Словно в ответ на мои мысли мы остановились. Но облегчения это не принесло. Я лишь тихо заскулила от боли в ребрах и во всем теле.

– Делаем привал. Пыльная буря начнется через час.

– Мы бы успели доскакать до Тургада и там встретить закат.

Голос того, кто истязал Слона, я бы узнала из тысячи так же, как и голос того, кому меня подарили.

– Она не выдержит.

– Кто?

– Моя вещь.

– Не выдержит, значит, такова воля Аллаха, брат. Но терять время…

– Я не помню, чтоб интересовался твоим мнением, Рифат. Я отдал приказ сделать привал. С каких пор мы обсуждаем мои приказы?

– Ты это серьезно? На хрен она тебе сдалась? В любой деревне найдется с десяток умопомрачительных шармут[4 - Шармут, мн. число (шармута) – шлюха. Арабский разговорный, прим. автора.], готовых ублажить тебя самыми мыслимыми и немыслимыми способами. Это обуза в дороге. Проклятый русский ублюдок специально отдал ее тебе. По сравнению с остальными она какая-то немощная.

– Я еще раз спрашиваю, мой дорогой Рифат – я интересовался твоим мнением о своей вещи? Я просил тебя ее похвалить или раскритиковать? Или ты заделался свахой и выбираешь мне женщин? Отдай приказ разжигать костры и ставить палатки. Ночевать будем здесь, в Тургад поедем утром.

Превозмогая боль, я пыталась правильно понять, о чем они говорят… но разбиралась не сразу, потому что тело ныло настолько нестерпимо, что казалось, я уже полуживая. Бедуин соскочил с седла и стащил меня, как какой-то мешок, подняв за одежду и швырнув на песок. Я на ногах не удержалась и тут же рухнула на четвереньки, стараясь не выть от боли и попытаться встать. Стоять перед ублюдком на коленях мне не хотелось. Но занемевшие ноги меня не слушались, и я падала обратно в песок, а они хохотали – Кадир и этот его прихвостень.

– Извивается, как червяк. У меня б на нее не встал.

– Если у тебя когда-нибудь встанет на мою вещь, я закопаю тебя, как ту русскую свинью, в пустыне с отрезанным членом в зубах.

Кадир продолжил смеяться, а вот его товарищ перестал. Он крикнул другим бедуинам разбивать лагерь.

– Эй… эй ты!

Я замерла и, задрав голову, посмотрела на возвышающегося надо мной бедуина. Он протягивал мне руку, чтобы помочь подняться. Но я не хотела к нему прикасаться. Не хотела никакой помощи, чтобы потом эти же руки резали меня на части?
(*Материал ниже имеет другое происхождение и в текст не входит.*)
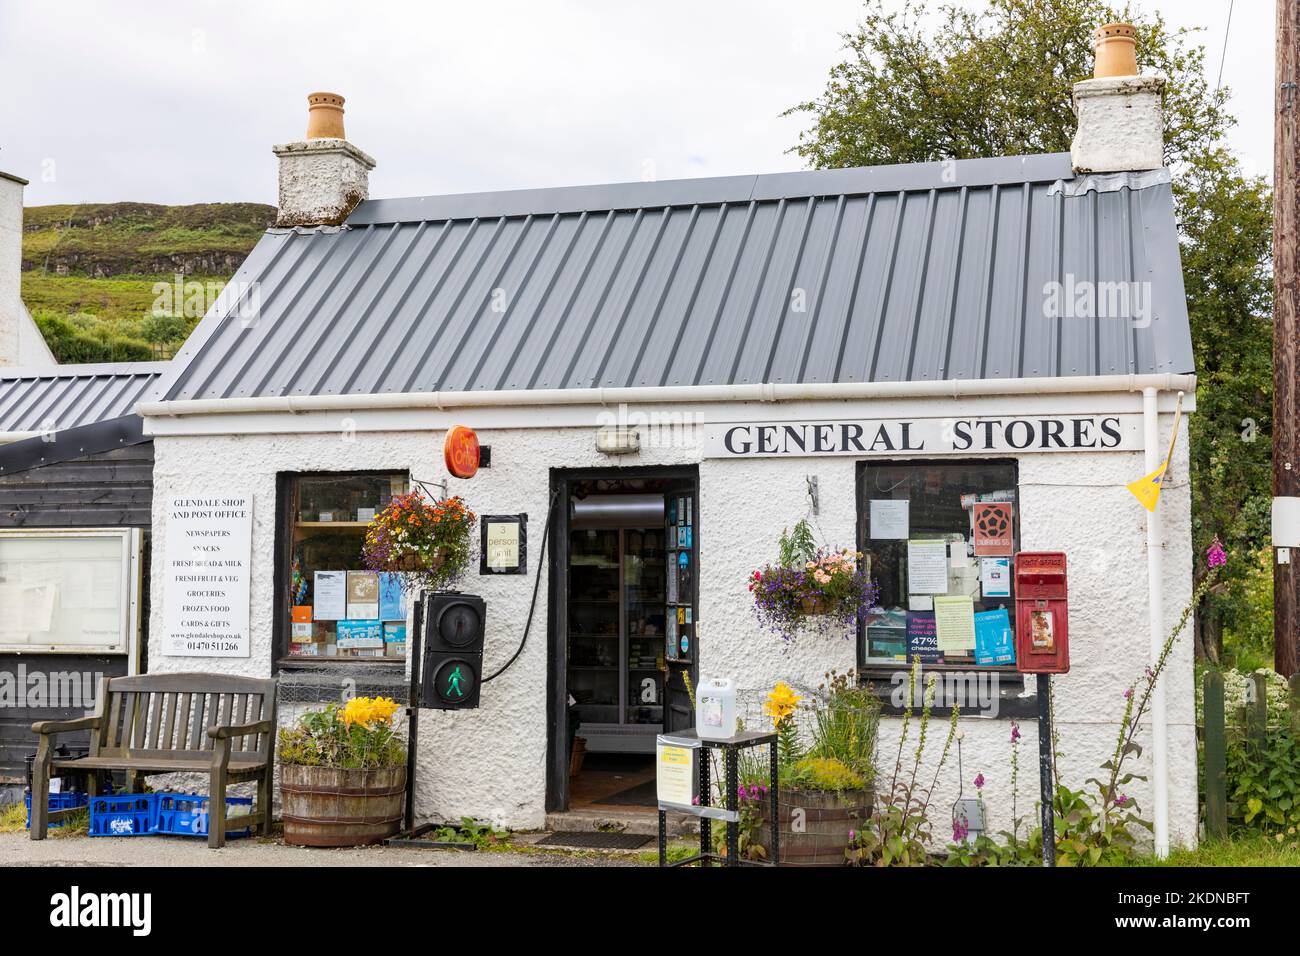 Glendale bureau de poste et magasin général dans cette propriété communautaire sur l'île de Skye, Écosse, Royaume-Uni, été 2022 Banque D'Images

Я бы скорее дотронулась до паука или скорпиона, чем до него. Я все же встала сама, упрямо глядя ему в глаза, которые сузились, и улыбка пропала с очень полных чувственных губ. Он вдруг сделал резкий выпад рукой и стиснул мою шею ладонью.

– Ты будешь жрать с моих рук и облизывать мои пальцы, а потом целовать мне ноги, чтоб получить добавки.

– Никогда.

Рот скривился в усмешке, от которой у меня по коже поползли мурашки ужаса.

– Слово «никогда» здесь говорю только я. А ты можешь повторять лишь две последние буквы в конце него. Запомни – ты вещь. Моя. Если я решу, что ты мне не нужна – я тебя убью. И это лучшее, что может с тобой произойти, если ты меня разозлишь.

Его слова могли показаться пафосной шуткой или цитатой из какого-то фильма, но в эту секунду его низкий голос звучал более чем реально особенно в сочетании с сухим блеском очень светлых глаз, которые казались нарисованными на темном лице каким-то гениальным или дьявольским художником.

Вернулся Рифат с лепешкой и куском вяленого мяса, надетого на палку.

– Слишком много чести вещи солдатское мясо давать. И лепешки хватило бы.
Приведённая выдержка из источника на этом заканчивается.